Westpac NZ variable rate is 5.95% yet the Cash Rate in Australia is just 0.25% lower. Something's going to break; either the bond market ( interest rates) or the asset market ( property). Take your pick....and neither is good.....
Happy new year all, my ideas below. Looking forward to reflecting on them!
Property
- Auckland to drop 6% overall
- The first quartile houses to drop 6%, median 10%, and upper quartile no movement
- Other main centres to hold up well, finishing where they started
- Regions that have boomed lately without underlying wage growth locally to pull back
Sharemarket NZ
- First few months up
- Big blip on the radar before june, leading to a 7-12% drop
- Everyone to foresee doom, but it will blow over
- Finish the year 1% above where we started
Sharemarket Globally
- The big Digital players to keep growing at double digits
- China to grow 5%, but below growth expectations, which will still cause shivers elsewhere
- AU 4% growth over the year, US to continue surging for a period but hit bumps late year and finish near where it started
- Nothing major up or down overall
Politics
- Labour to push ahead agressively with social policies
- NZF to make lots of noise and thankfully achieve nothing
- A growing acceptance that the 2019 Greens referendum to legalise marijuana will be successful
- Trump and Kim to keep talking and doing nothing
- World to become increasingly wary of China, shadow market etc
Monetary policy/Interest Rates
- 1.75% OCR for the whole year
- Banks to find another 0.2% spread between TD and mortgage rates to meet capital requirements in Australia
- Fed to progress with planned increases
- China making noises about curtailing debt growth, and tightening monetary policy, then doing opposite when low growth becomes apparent
Crypto/Blockchain
- Bitcoin to become slightly more commoditised, and the very small piece of the very big pie of managed funds that will go into it will see it end the year about $20k, with decreasing but still relatively high volatility
- A bunch of other currencies to be 'the next big thing', some will make money, some will never be heard of again
- Lots of talk about how Blockchain will change everything, little to actually happen by EOY 18.

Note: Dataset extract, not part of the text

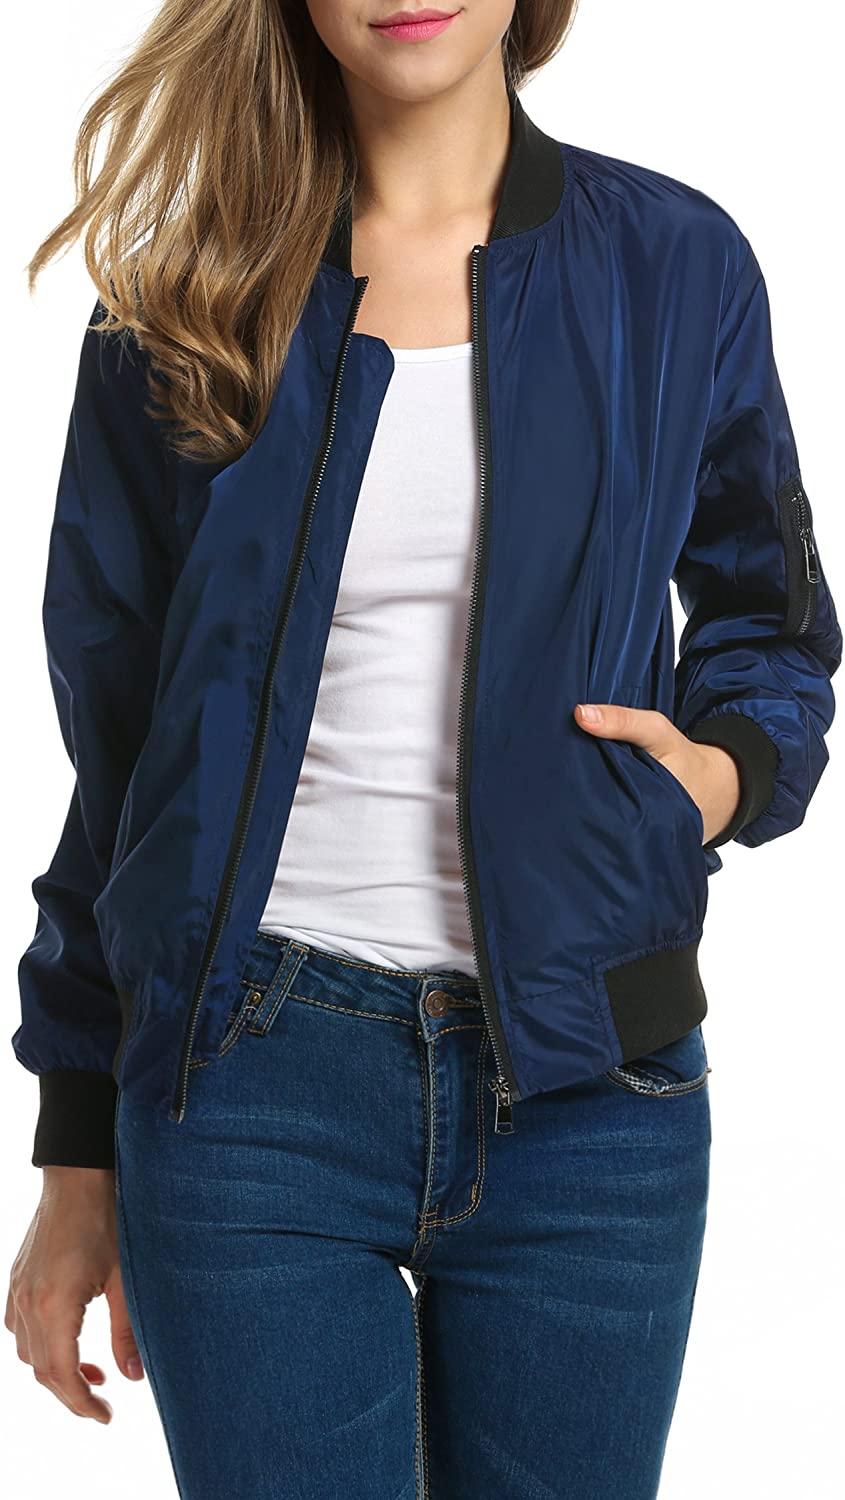 Cethrio Women's Bomber Jackets Lightweight Zip Up Jackets Casual

Hi All ... I read this today and thought I might share it with everyone here as I expect most will be interested ... sorry, these are not my predictions but are related to what the future may hold for us all:
" An interesting talk by the Head of Daimler Benz.

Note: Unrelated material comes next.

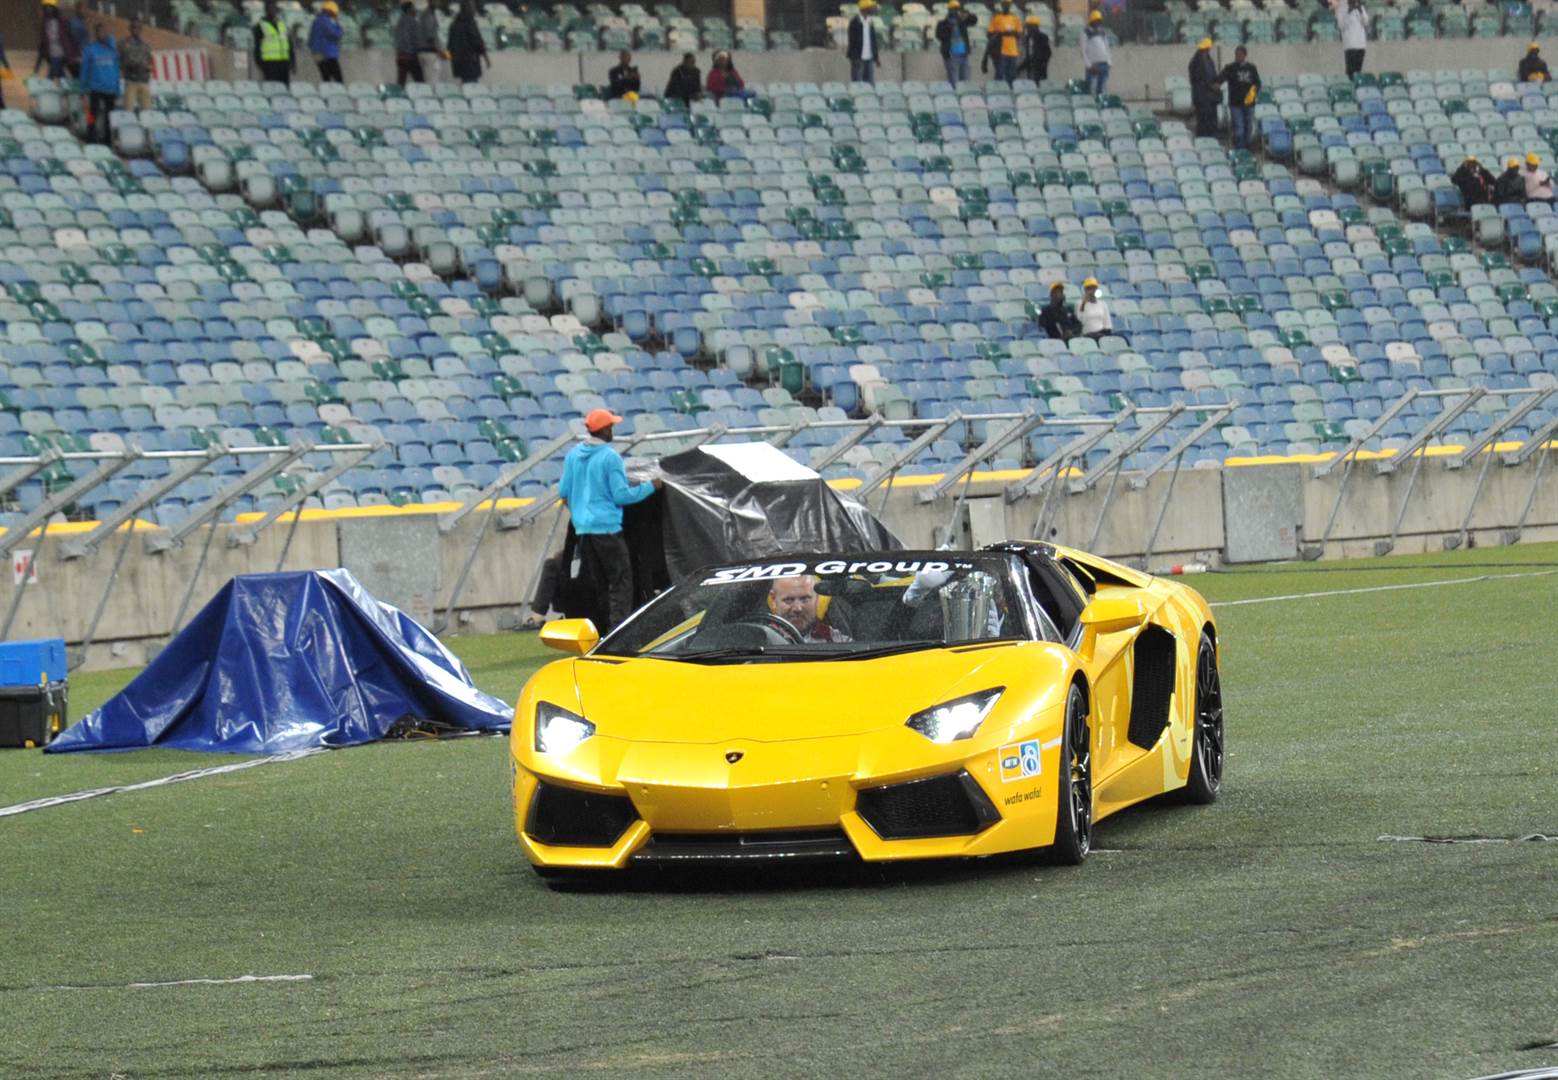 Did You See The MTN8 Trophy Arrive In A Lambo? | Soccer Laduma

A bit mind blowing to say the least! He predicted an interesting concept of what could lie ahead.
In a recent interview, the Head of Daimler Benz (Mercedes Benz) said their competitors are no longer other car companies, but Tesla (obviously), and now, Google, Apple, Amazon 'et al' are……
Software will disrupt most traditional industries in the next 5-10 years
Uber is just a software tool, they don't own any cars, and are now the biggest taxi company in the world.
Airbnb is now the biggest hotel company in the world, although they don't own any properties.
Artificial Intelligence: Computers become exponentially better in understanding the world. This year, a computer beat the best Go player in the world, 10 years earlier than expected.
In the U.S., young lawyers already can't get jobs. Because of IBM Watson, you can get legal advice (so far for more or less basic stuff) within seconds, with 90% accuracy compared with 70% accuracy when done by humans.
So, if you study law, stop immediately. There will be 90% less lawyers in the future, only specialists will remain.
Watson already helps nurses diagnosing cancer, 4 times more accurately than human nurses. Facebook now has a pattern recognition software that can recognize faces better than humans. In 2030, computers will become more intelligent than humans.
Autonomous cars: In 2018 the first self-driving cars will appear for the public. Around 2020, the complete industry will start to be disrupted. You don't want to own a car anymore. You will call a car with your phone, it will show up at your location and drive you to your destination. You will not need to park it, you only pay for the driven distance and you can be productive while driving. Our kids will never get a driver's license and will never own a car.
It will change the cities, because we will need 90-95% less cars for that. We can transform former parking spaces into parks.
1.2 million people die each year in car accidents worldwide. We now have one accident every 60,000 miles (100,000 km), with autonomous driving that will drop to one accident in 6 million miles (10 million km). That will save a million lives each year.
Most car companies will probably go bankrupt. Traditional car companies will try the traditional approach and try to build a better car, while tech companies (Tesla, Apple, Google) will take the revolutionary approach and build a computer on wheels.
Many engineers from Volkswagen and Audi are completely terrified of Tesla.
Auto Insurance companies will have massive trouble because without accidents, car insurance will become much cheaper. Their car insurance business model will slowly disappear.
Real estate will change. Because if you can work while you commute, people will move further away to live in a more beautiful neighborhood.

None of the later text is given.